• [Task description]: For the material below, set down exactly the lines between the one containing "3 Wardrobe Essentials for Ladies in 2021" and the last line, both included, leaving every picture out.

• [Supplied data]:
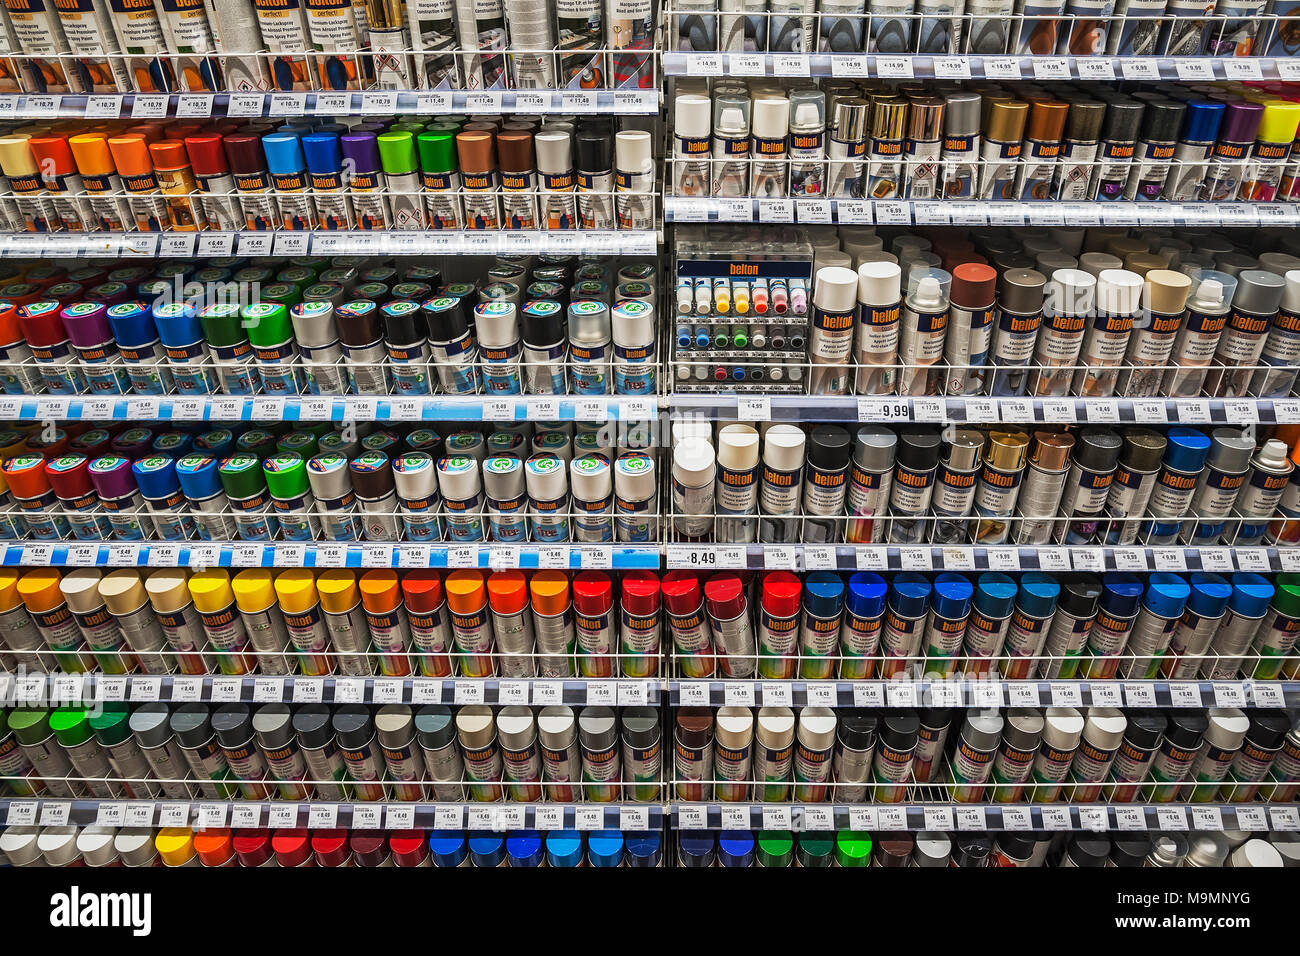 Pittore forniture, ripiano con pitture e vernici, bombolette spray, negozio di ferramenta, interno, Baviera, Germania Foto Stock
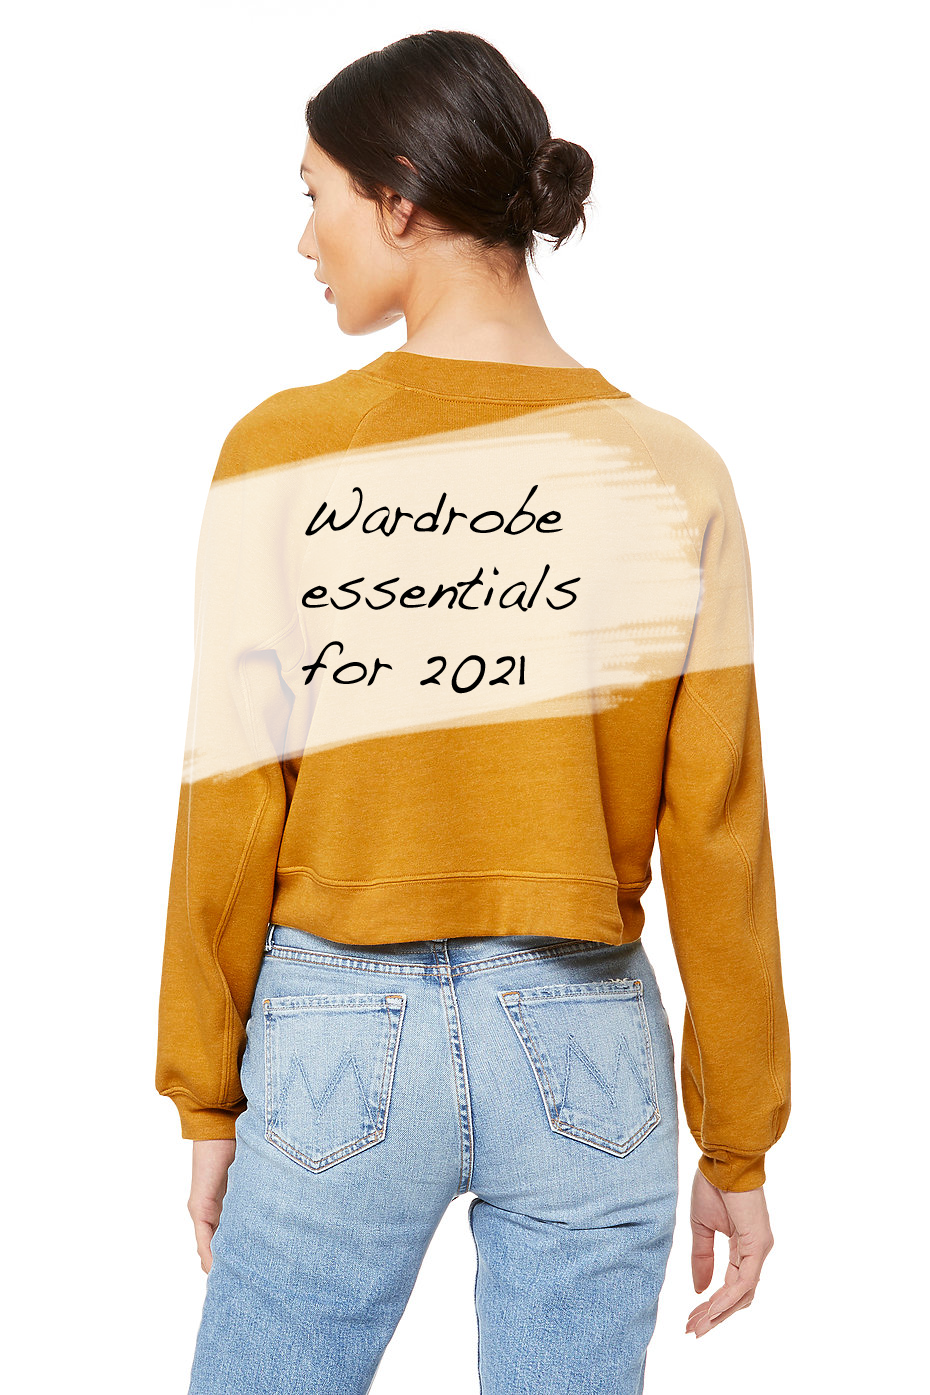 3 Wardrobe Essentials for Ladies in 2021
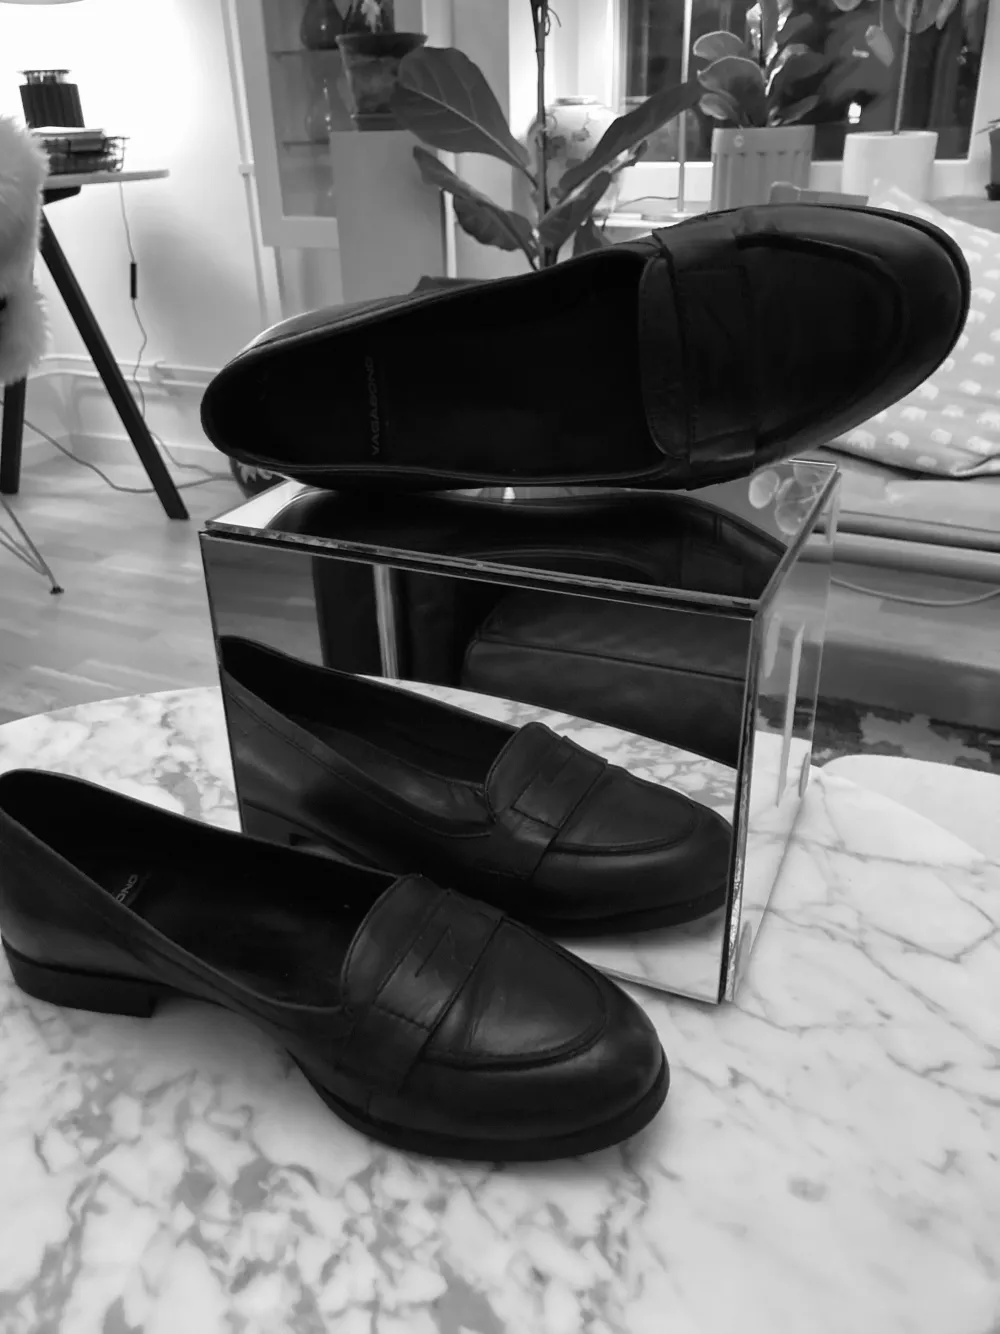 Fina skor i svart läder från Vagabond, kanppt använda.. Skor.
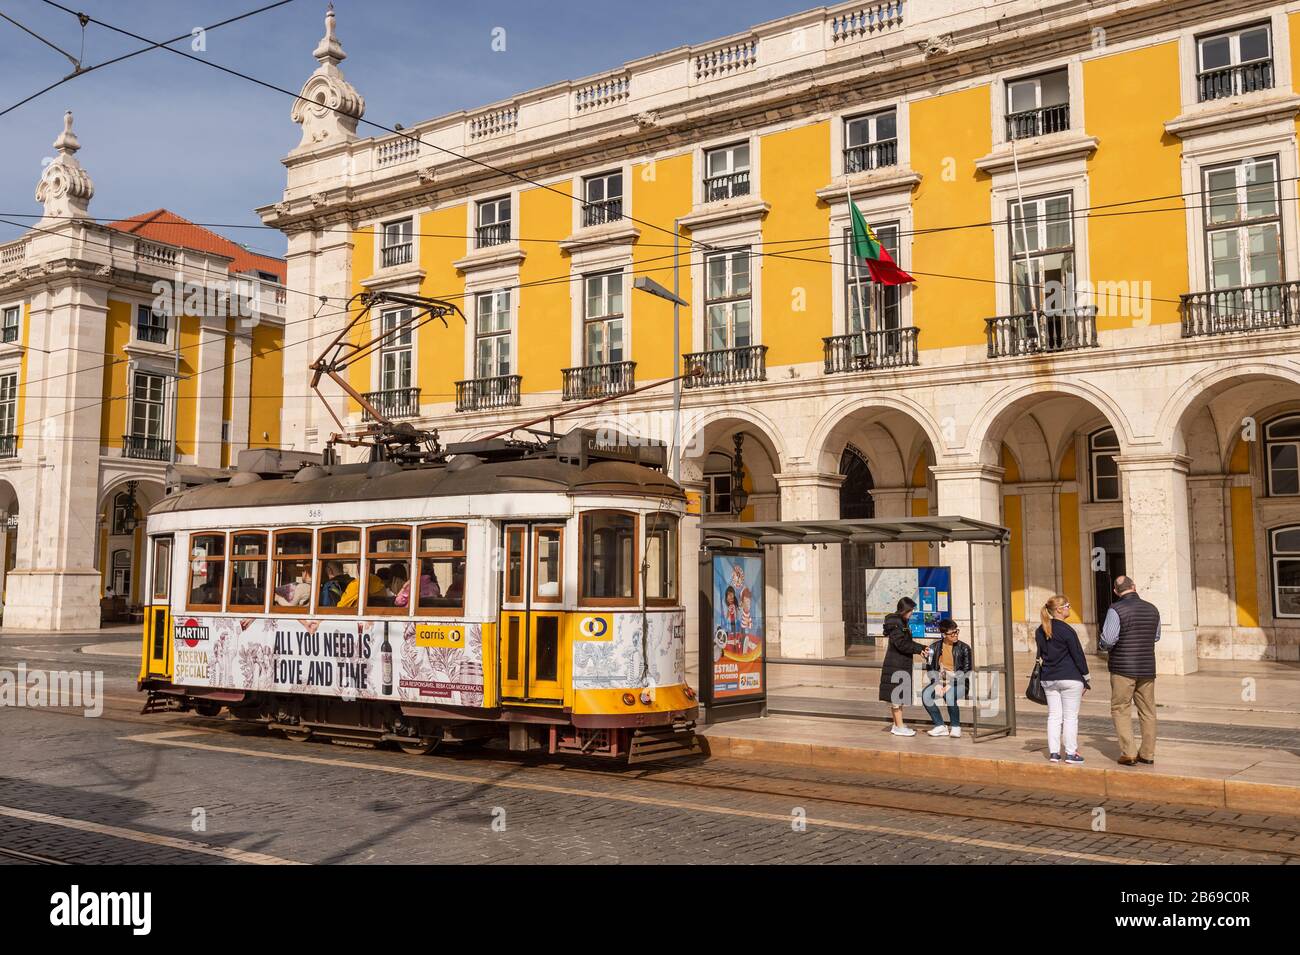 Lisbonne, Portugal - 2 mars 2020: Célèbre tramway jaune 28 à la Praca do Comercio Banque D'Images

• [Task response]:
 3 Wardrobe Essentials for Ladies in 2021
 Fina skor i svart läder från Vagabond, kanppt använda.. Skor.
 Lisbonne, Portugal - 2 mars 2020: Célèbre tramway jaune 28 à la Praca do Comercio Banque D'Images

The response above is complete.